Pada dekade pertama abad
ke -20 banyak bermunculan organisasi – organisasi kemasyarakatan yang berjuang
untuk menentang kolonialisme Belanda dan menuntut kemerdekaan. Pada masa itu
Islam memberikan konstribusi yang besar sebagai mata rantai yang menyatukan
rasa persatuan penentangan kolonialisme. Sarekat Islam merupakan gerakan
politik pertama yang berawal dari sebuah organisasi dagang “ Sarekat Dagang
Islam” yang didirikan pada tahun 1911 oleh H. Samanhoedi.
Perubahan SDI menjadi SI
tidak hanya sebatas perubahan nama, akan tetapi yang utama adalah perubahan
orientasi yaitu dari komersial menjadi politik.

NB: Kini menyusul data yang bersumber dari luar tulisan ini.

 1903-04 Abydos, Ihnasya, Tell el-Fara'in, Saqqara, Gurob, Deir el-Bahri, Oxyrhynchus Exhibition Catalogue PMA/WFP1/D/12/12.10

Sebagai organisasi politik nasional pertama, hal tersebut tidak hanya
disebabkan tujuan nasionalnya untuk meraih kemerdekaan, akan tetapi juga
disebabkan oleh kemampuannya dalam menghimpun massa. Selama periode awal saja
SI telah berhasil mendapatkan sambutan positif dari masyarakat. Hal tersebut
dikarenakan SI terbuka untuk siapapun tanpa memandang latar belakangnya.[1]
Perkembangan SI yang
semakin membesar ini membahayakan posisi pemerintah kolonial. AWF Idenburg,
Gubernur Jendral menyadari ancaman tersebut. Oleh karena itu, pada bulan Maret
1914, ia hanya memberikan pengakuan kepada cabang SI saja, bukan kepada SI
sebagai kesatuan organisasi. Hal tersebut dimaksudkan untuk memecah SI ke dalam
perserikatan – perserikatan kecil sehingga pimpinan pusat, HOS Tjokroaminoto
akan kehilangan wibawanya di mata cabang – cabangnya. Meskipun kecewa dengan
keputusan tersebut, pimpinan utama segera mencari jalan keluar sampai
terbentuklah Central Sarekat Islam pada Februari 1915.[2]
Akan tetapi pada saat
bersamaan muncul tantangan baru bagi SI yaitu Marxisme yang diketuai oleh
Sneevlet. Pada tahun 1914 kelompok tersebut mendirikan ISDV (Indische Sociaal
Democratische Vereeniging) yang kemudian memasukkan gagasan – gagasan ideologi
ke tubuh SI dengan harapan dapat menguasai massa. SI merupakan sasaran utama
karena merupakan satu – satunya gerakan massa yang terkuat saat itu. [3] Masuknya Marxisme ke dalam SI memancing
perpecahan dan konflik di kalangan pemimpin organisasi. Yang terparah adalah
perbedaan teologis-ideologis masing – masing faksi. Tiga serangkai menyatakan
bahwa Islam adalah landasan ideologi partai tersebut sementara Semaun dan
Darsono menginginkan dihapusnya agama dari politik serta mengorientasikan
kegiatan partai pada prinsip – prinsip Marxis.[4]
Namun pada tahun 1918
Sneevlet diusir dari Indonesia karena kegiatannya dianggap membahayakan
kekuasaan kolonial sebab Marxisme anti terhadap kolonialisme dan kapitalisme.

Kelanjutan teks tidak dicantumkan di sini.